Copy the material below verbatim from the line with "Personal Optics Half-eye Red lace patterrn" to the line with "newlyweds exchange vows", both lines included, omitting pictures and every line outside that range.

• **Data to examine**
[Start of Attachment]

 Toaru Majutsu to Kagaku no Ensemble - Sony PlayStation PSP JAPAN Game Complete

[End of Attachment]
[Start of Attachment]

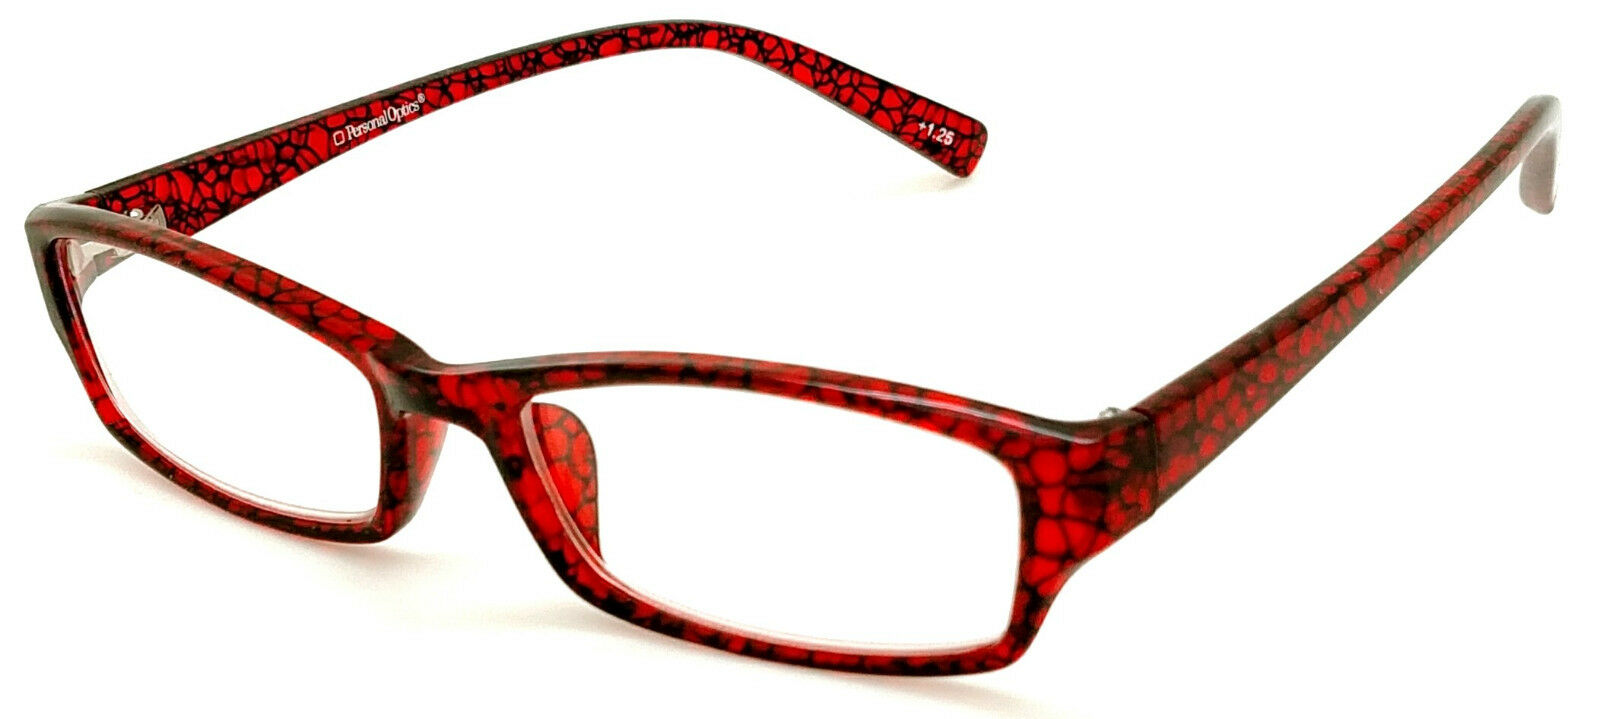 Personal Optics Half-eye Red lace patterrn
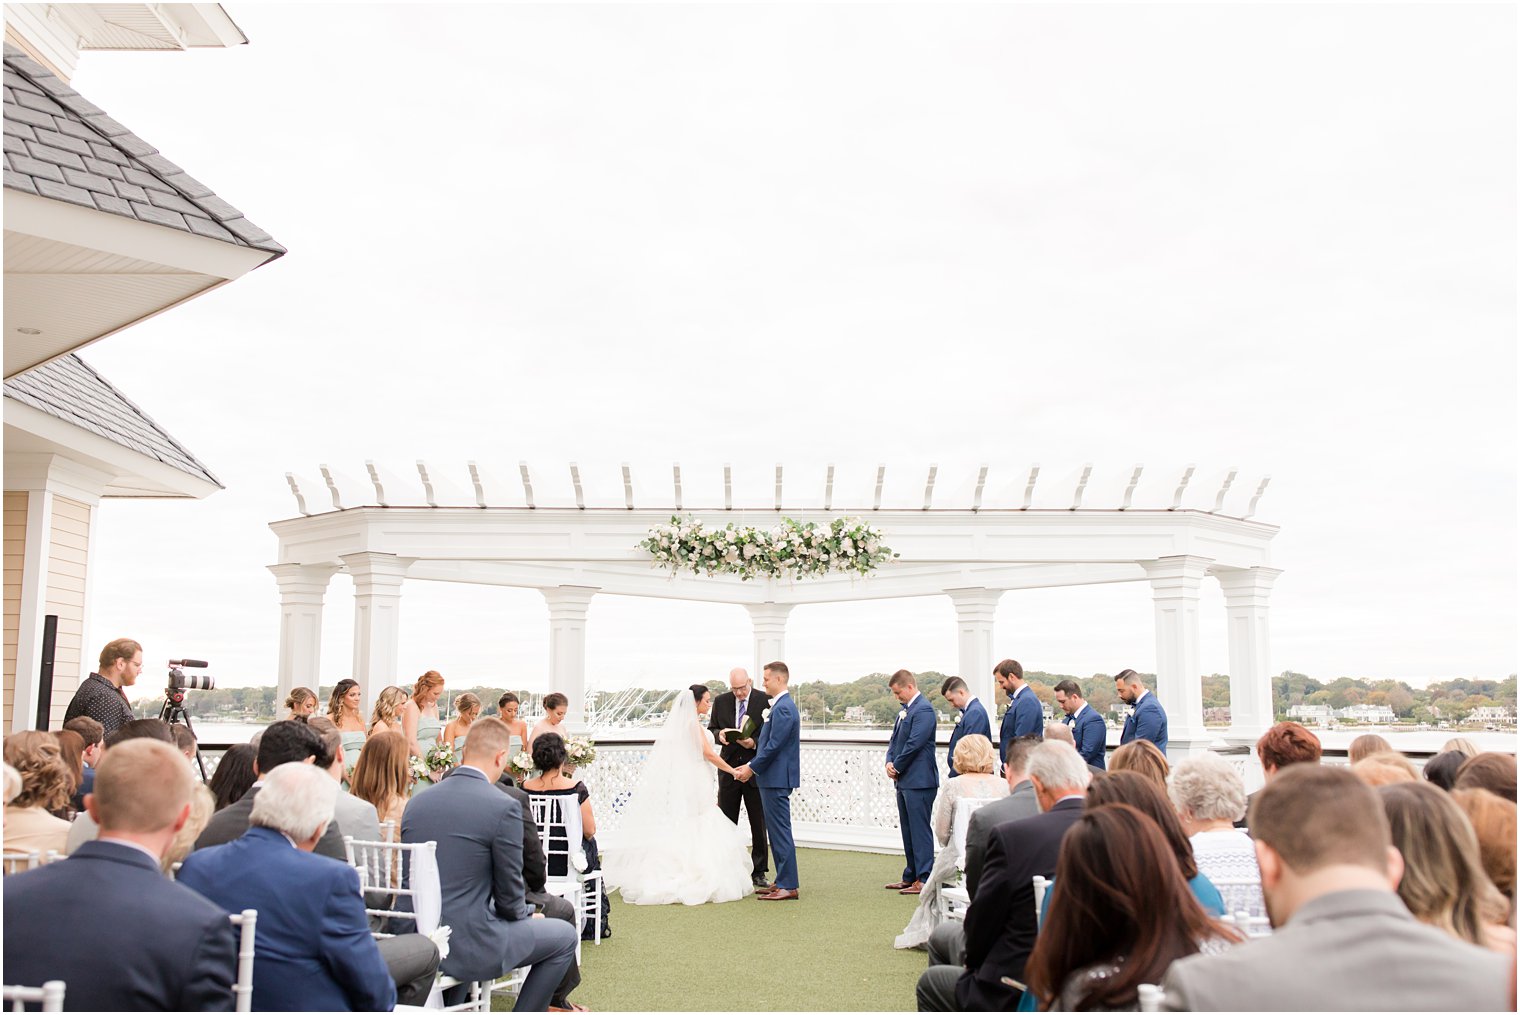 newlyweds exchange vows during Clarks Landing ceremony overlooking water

[End of Attachment]

• **Response box**
 Personal Optics Half-eye Red lace patterrn
 newlyweds exchange vows during Clarks Landing ceremony overlooking water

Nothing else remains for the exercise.